Vice Admiral Brown’s previous commands include the 14th Coast Guard District, Maintenance and Logistics Command Pacific, Sector Honolulu, and Group Charleston. From 1999 to 2002, he served as the Military Assistant to the U.S. Secretary of Transportation, including duty as the Acting Deputy Chief of Staff for six months after the terrorist attacks of September 11, 2001. In May 2003, he served as the Chief of Officer Personnel Management at the Coast Guard Personnel Command. From April to July 2004, he was temporarily assigned as the Senior Advisor for Transportation to the Coalition Provisional Authority in Baghdad, Iraq.
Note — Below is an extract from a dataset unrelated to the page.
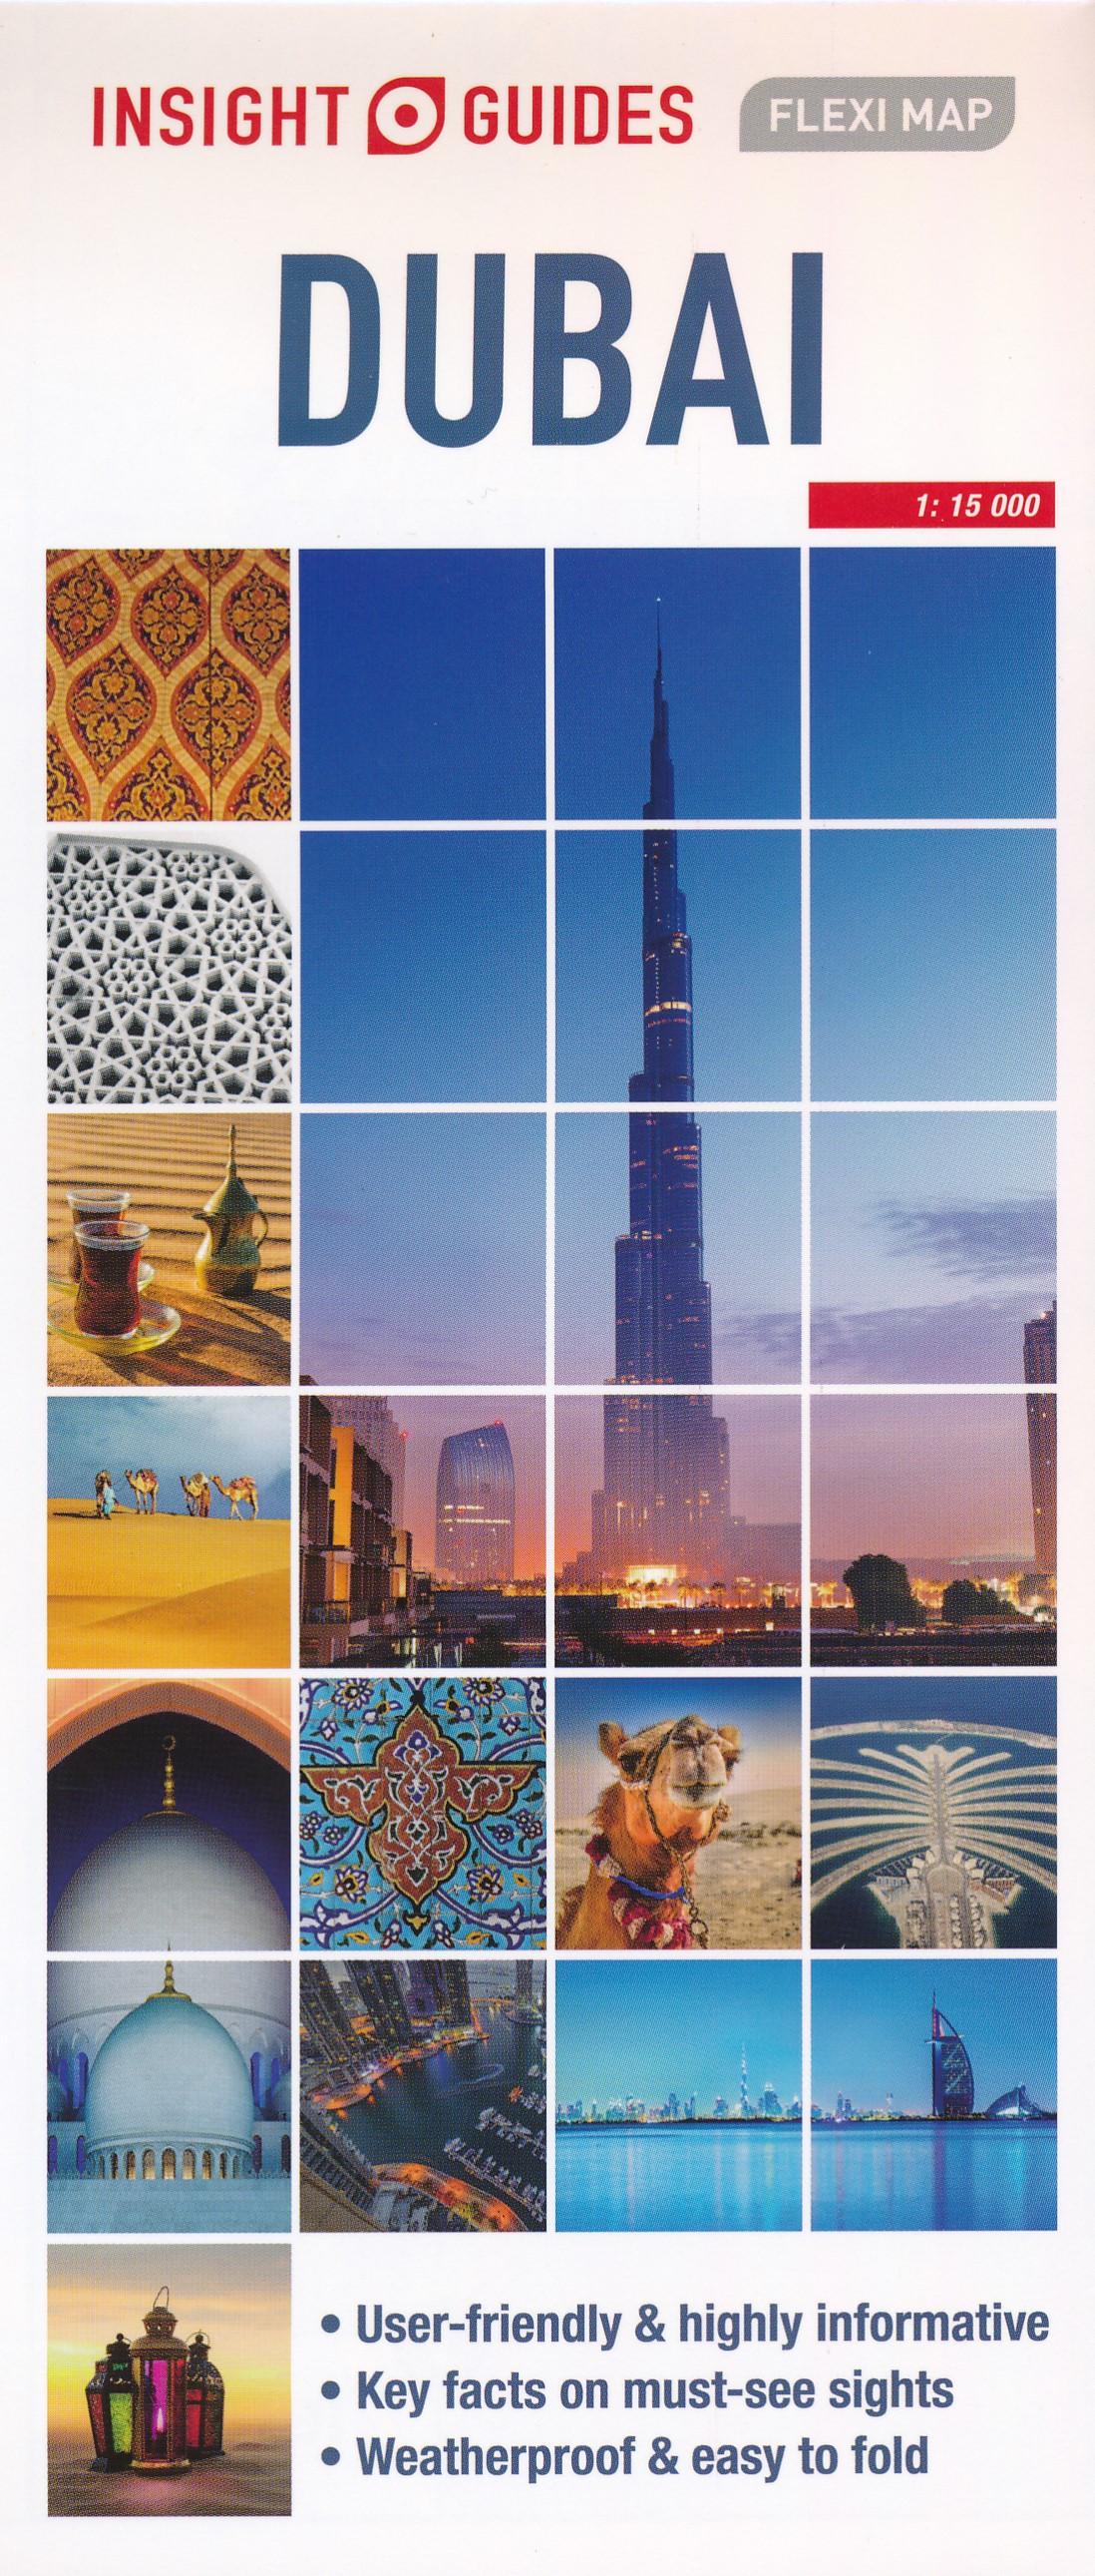 Online bestellen: Wegenkaart - landkaart - Stadsplattegrond Fleximap Dubai | Insight Guides
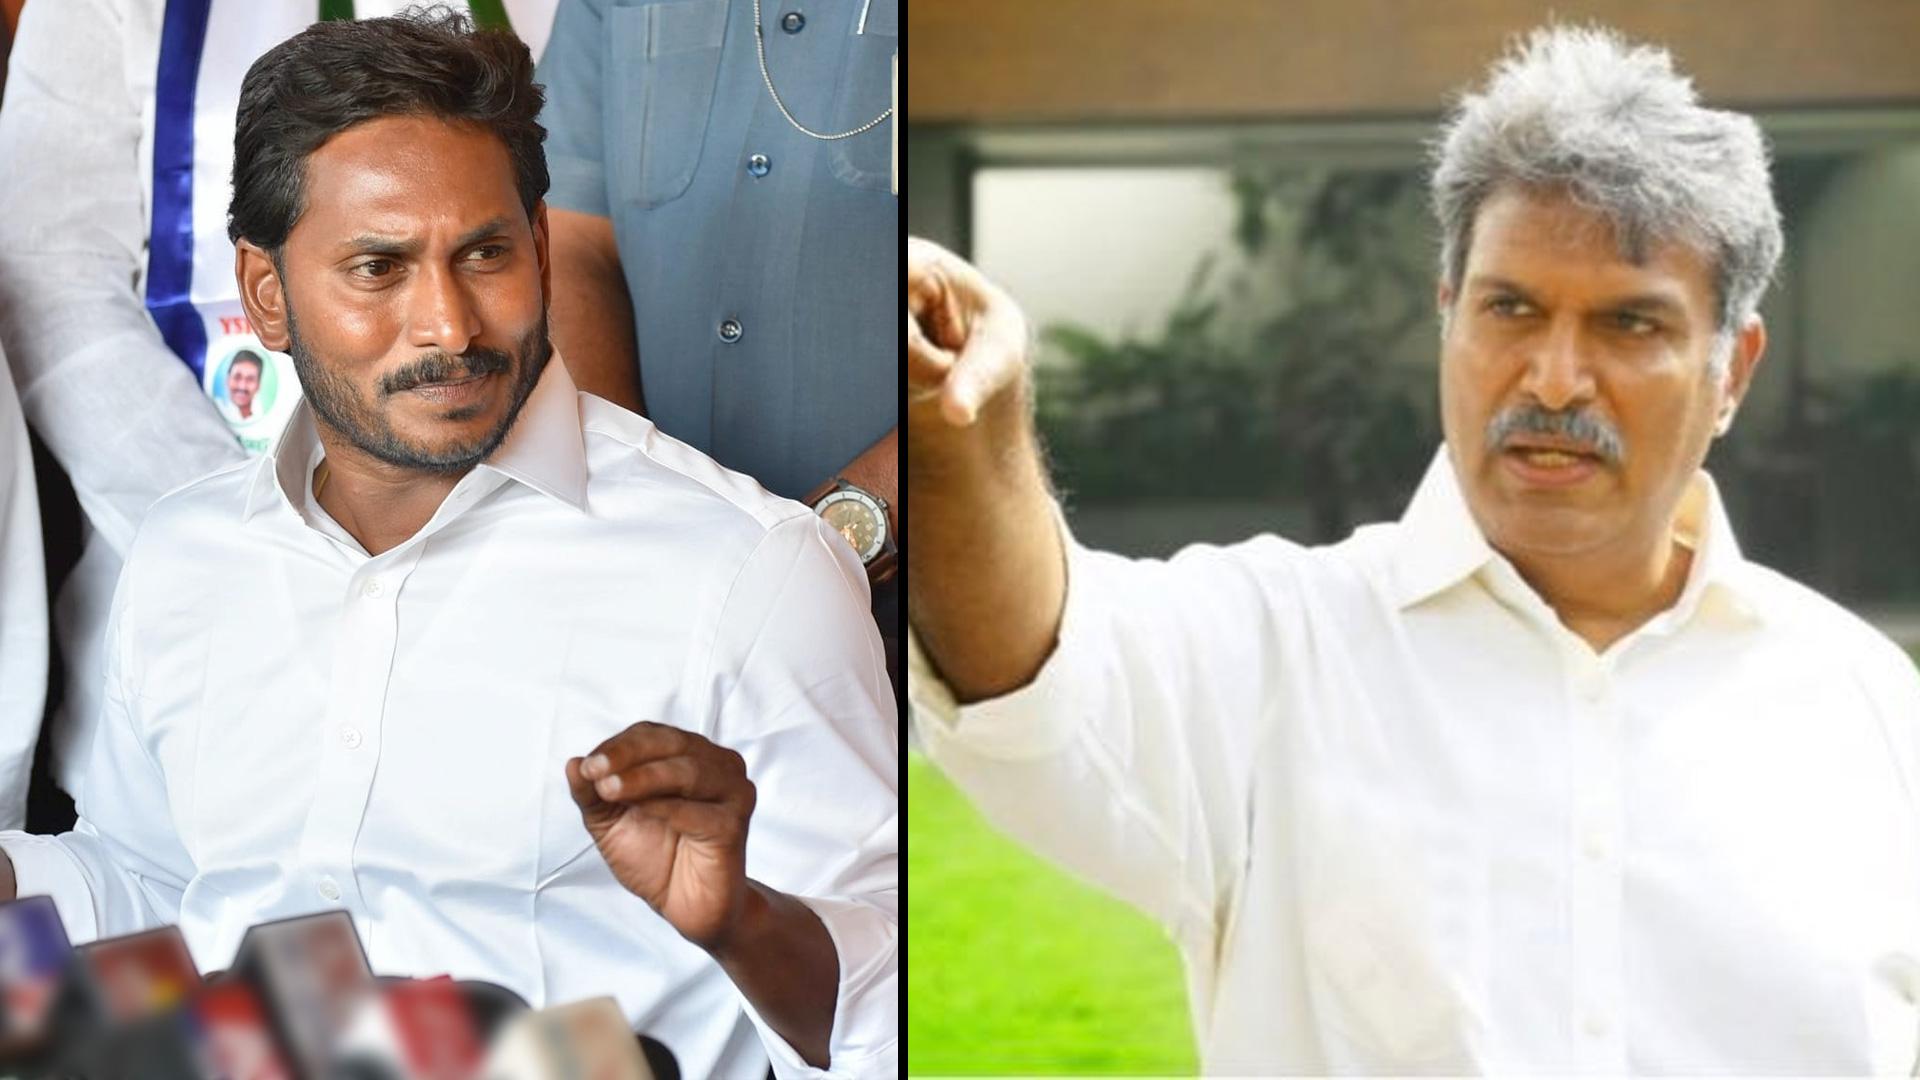 జగన్ పై విమర్శలు గుప్పించిన కేశినేని నాని || Keshineni Nani Criticized CM Jagan On Government Jobs

Working in a combat zone, he oversaw restoration of Iraq’s major transportation systems, including two major ports.
Previous tours of duty include Assistant Engineering Officer aboard the icebreaker GLACIER, Project Engineer at Civil Engineering Unit Miami, Deputy Group Commander at Group Mayport, FL, Engineering Assignment Officer in the Officer Personnel Division at Coast Guard Headquarters, Facilities Engineer at Support Center Alameda, and Assistant Chief, Civil Engineering Division at Maintenance and Logistics Command Pacific.
We started by discussing with the Admiral the enormity of the Pacific and its importance to the American economy.
Admiral Manson Brown: Most people don’t realize that 85 percent of the US exclusive economic zones (EEZs) are in the Pacific, mostly in the Central and Western Pacific. There are a lot of economies in that region that are driven by the fishing industry.
One of the things that I realized is that even with good enforcement in US EEZ’s, the fish know no boundaries. So they will shift from our EEZ’s to those of other nations and potentially be overfished there.
We formed partnerships with adjoining countries who are working their EEZs to try to manage the illegal fishing beyond our EEZ. We developed a joint strategy, a ship rider program where essentially we use Coast Guard assets and put enforcement officials from six nations that have signed ship rider agreements.
The Central and Western Pacific is significant distance away from the continental US. Most people don’t know that sovereign American territory is located as well in the Central and Western Pacific.
SLD: How long does it take to go from Alameda, California (the USCG HQ in the Pacific) to these territorial waters?
Admiral Manson Brown: To deploy a Cutter from here to American Samoa requires ten or more days.
SLD: So one way to understand the need for the cutters is their endurance. If it takes more than a week to go and a week to come back, endurance buys you more time on station.
Admiral Manson Brown: Correct. And the thing you have to realize in the Pacific, you don’t have the infrastructure that you do in the Atlantic.
So in terms of pier space, fuel, engineering support, food and other logistics, you have to take it with you. When you’re down in a place like American Samoa, you better have most of what you need to operate.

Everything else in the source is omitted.